**DATASET CONTENT**
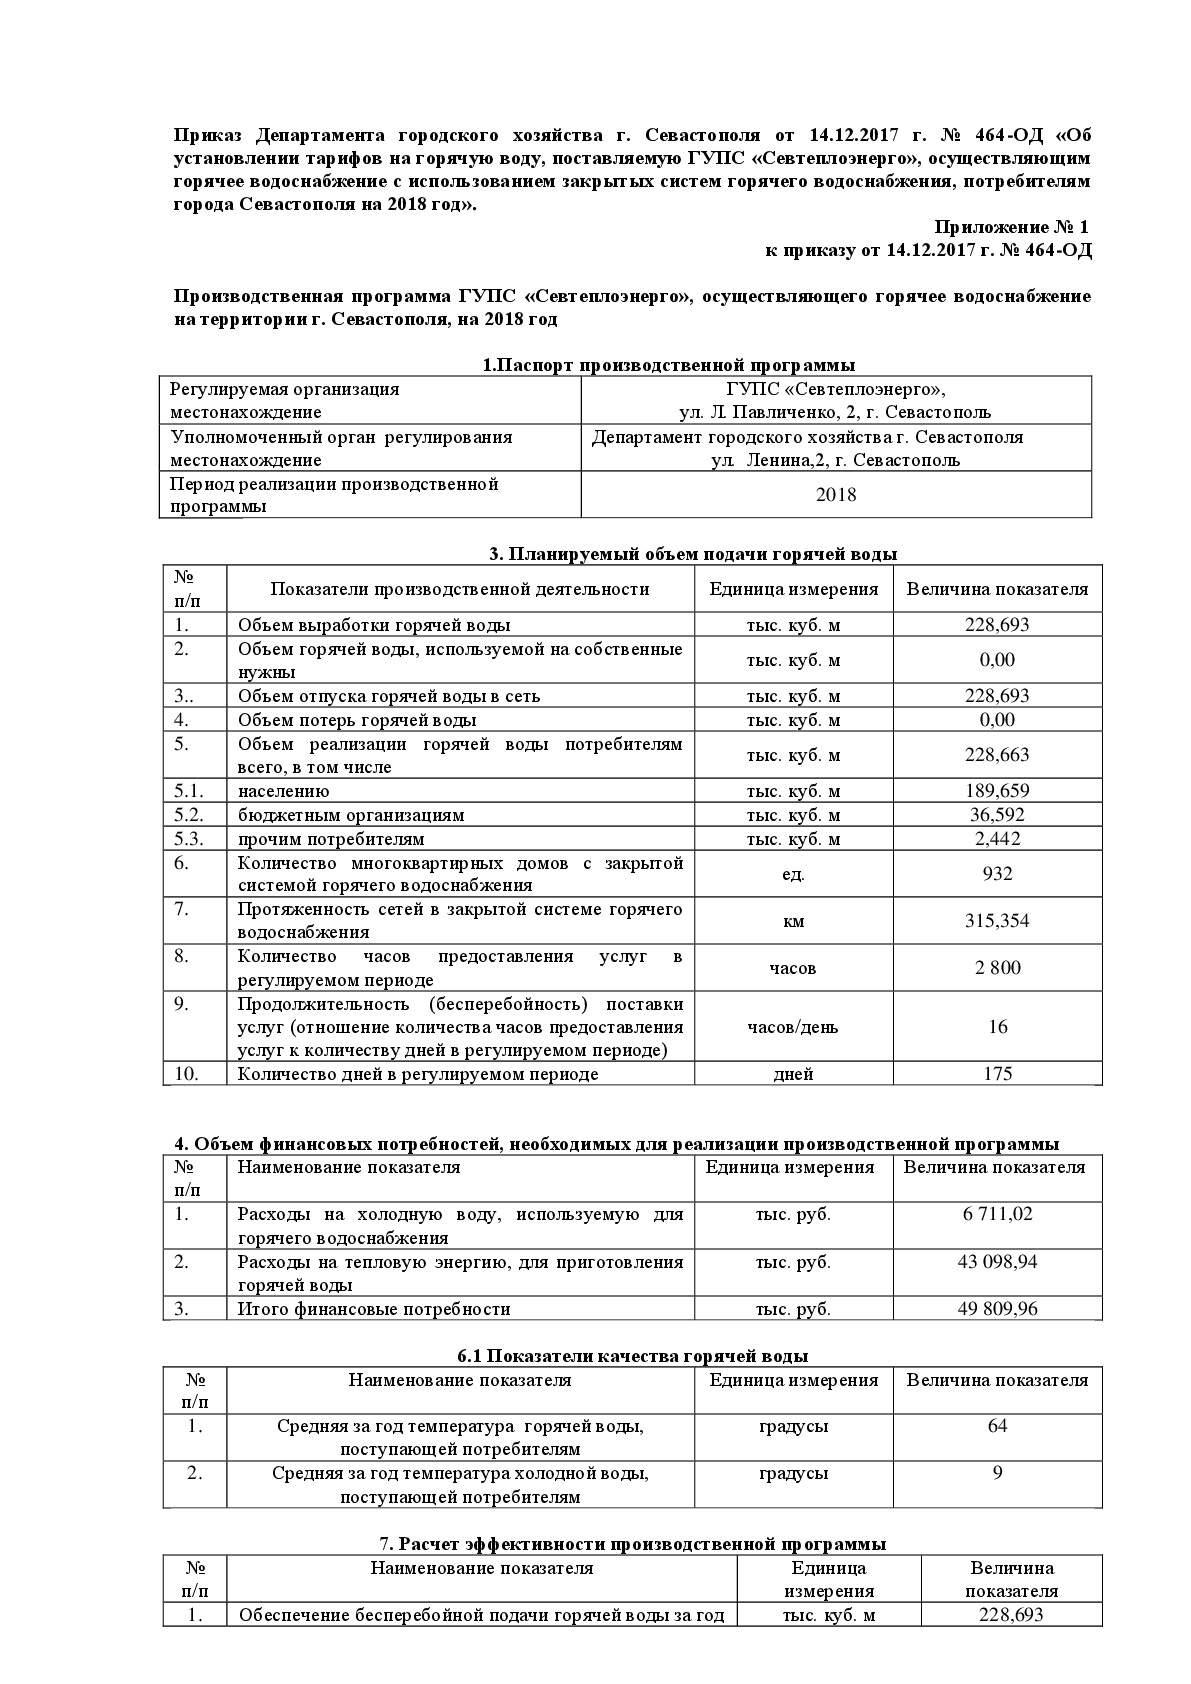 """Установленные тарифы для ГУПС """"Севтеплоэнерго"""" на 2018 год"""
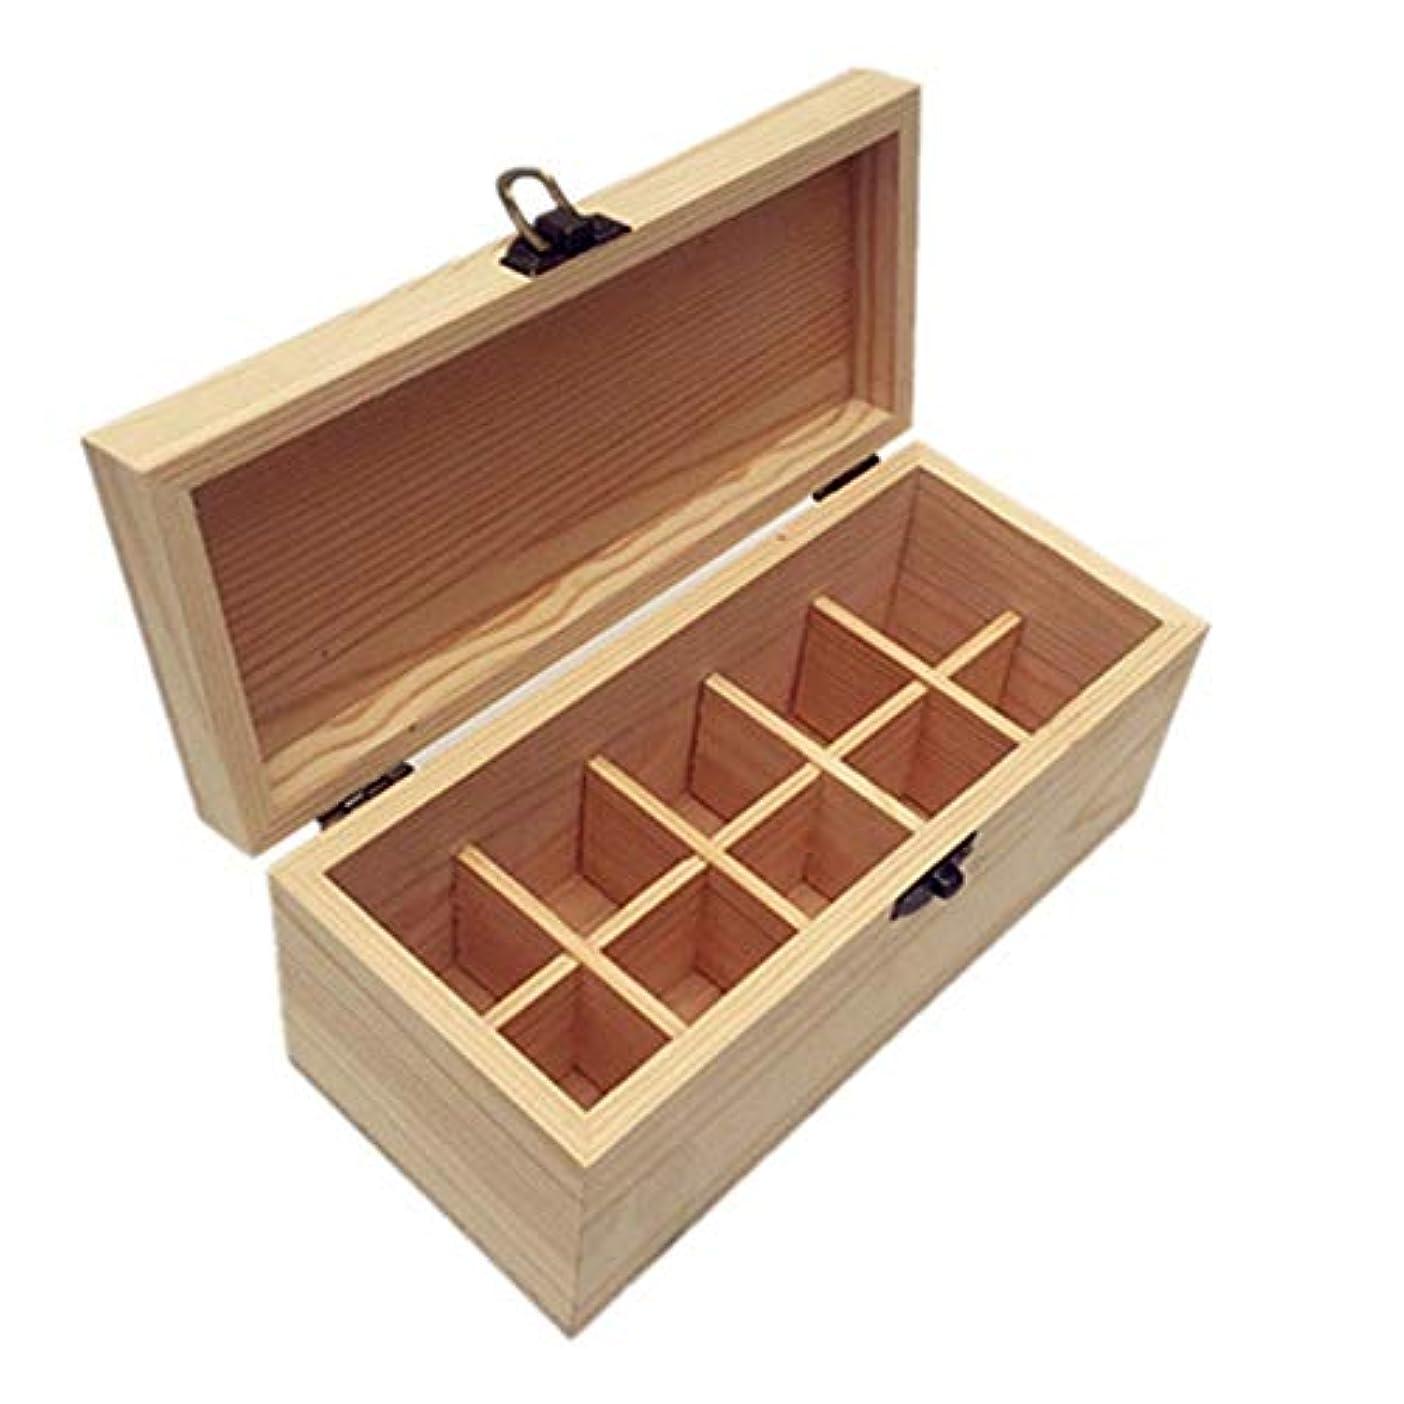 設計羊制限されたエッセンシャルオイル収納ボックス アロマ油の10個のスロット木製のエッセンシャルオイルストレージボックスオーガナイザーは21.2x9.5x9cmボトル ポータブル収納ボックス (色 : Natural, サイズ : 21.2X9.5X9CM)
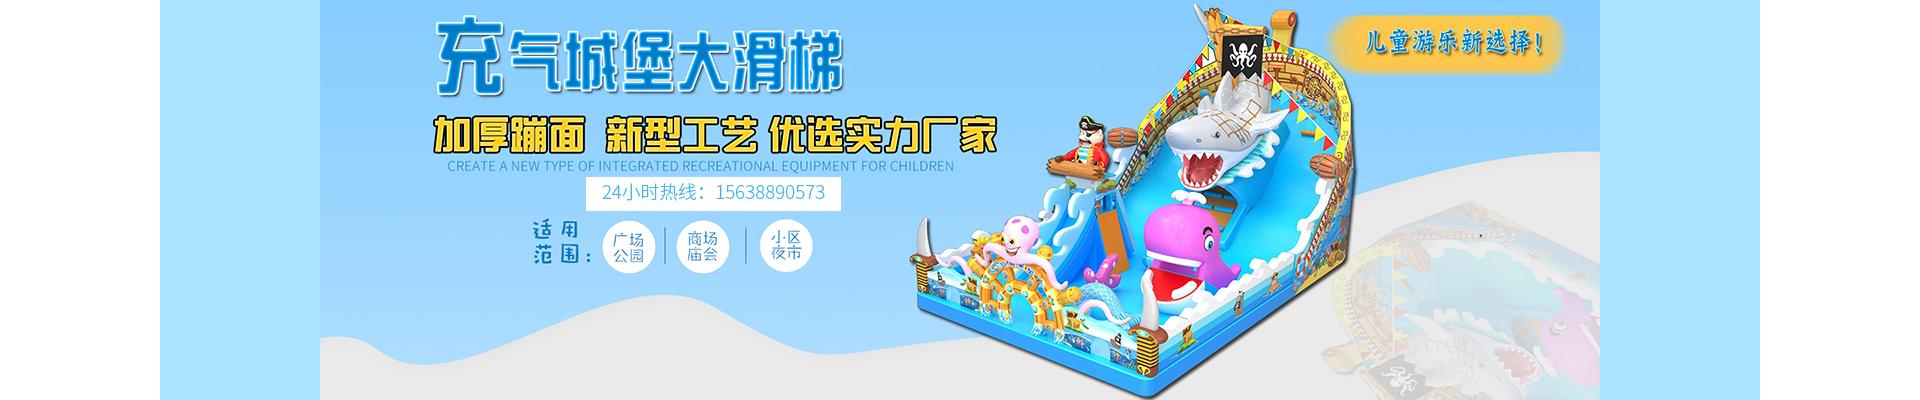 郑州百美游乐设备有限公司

**WORK ITEM**
For this exercise, output only the lines from the one bearing "サイズ : 21.2X9.5X9CM)" to the end of the material above, exactly as written, with pictures left out.

**SOLUTION TO THIS TASK**
 設計羊制限されたエッセンシャルオイル収納ボックス アロマ油の10個のスロット木製のエッセンシャルオイルストレージボックスオーガナイザーは21.2x9.5x9cmボトル ポータブル収納ボックス (色 : Natural, サイズ : 21.2X9.5X9CM)
 郑州百美游乐设备有限公司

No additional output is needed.